It is not much different today. Too many believers are encouraging other believers to jump presumptuously off the pandemic cliff, unprepared and unprotected, into the agony of uncertain outcomes, even unto their own deaths. They are creating a state of confusion and division among the faithful by advancing presumptuous and pious statements that the pandemic is not real, that vaccines are meant to kill us all, that our genes will be altered irreversibly, that our freedoms are being taken from us for good. They are telling the multitudes of confused, uncertain, and exhausted people: “Jump, you will be fine! God is with you!” They are misappropriating the Word of the Lord and His promises in the days of great peril, to their own peril.
But the story of spiritual gaslighting does not end here. The easily accessed Facebook pages of many pious gaslighters reveal a peculiar interest in the previously ignored means of social activism. Many Christian anti-vaxxers are now protesting in the US, Australian and European capitals against the “tyranny” of their governments.

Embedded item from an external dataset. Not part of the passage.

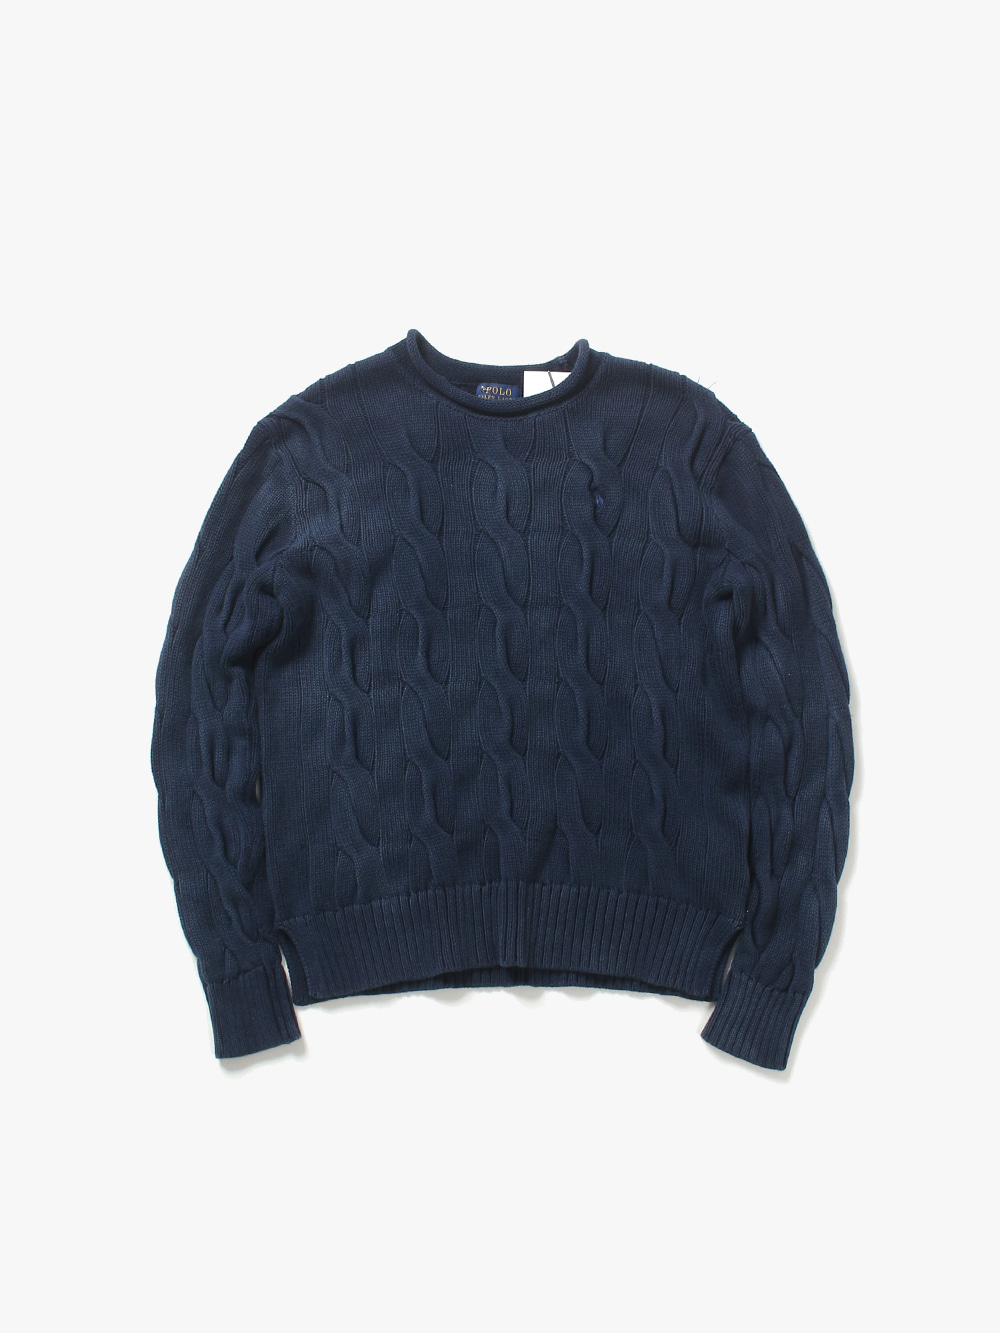 [ women L ] Polo Ralph Lauren Sweater (6445)
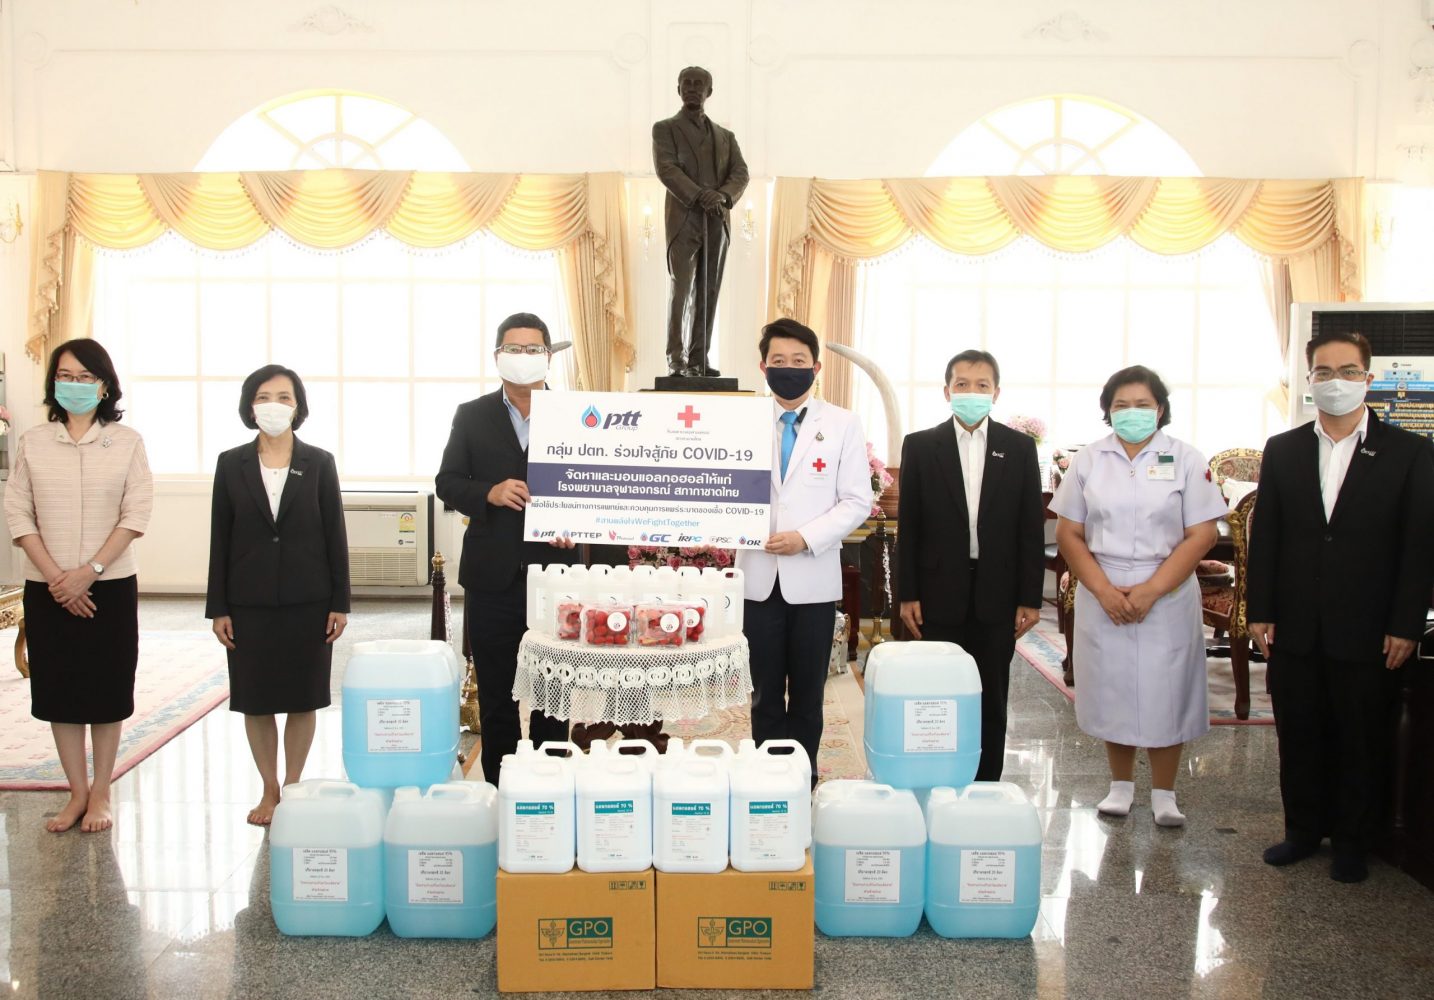 ภาพข่าว: กลุ่ม ปตท. ร่วมใจสู้ภัย COVID-19 สนับสนุนอุปกรณ์การแพทย์ และแอลกอฮอล์ แก่ รพ.จุฬาลงกรณ์ สภากาชาดไทย

They believe they are a part of something big, and they want to be “on the right side of history”. But are they?
A case in point is the Australian populist Graham Hood, a retired commercial pilot, and proud Adventist believer who is anything but timid when it comes to sharing his faith. Each of his Facebook video messages, which by now have become almost a daily occurrence, is viewed, approvingly commented, liked and shared thousands of times. The contents of his inflammatory messages include everything from outrage at the Australian government wanting to “jab their children”, Q-Anon conspiracies, twisted theology, to literal calls to his followers to bring the current Australian government “to its knees.” His heart is set on a sacred mission of “getting our country back”, an Australian anti-vax take on “Making Australia Great Again!”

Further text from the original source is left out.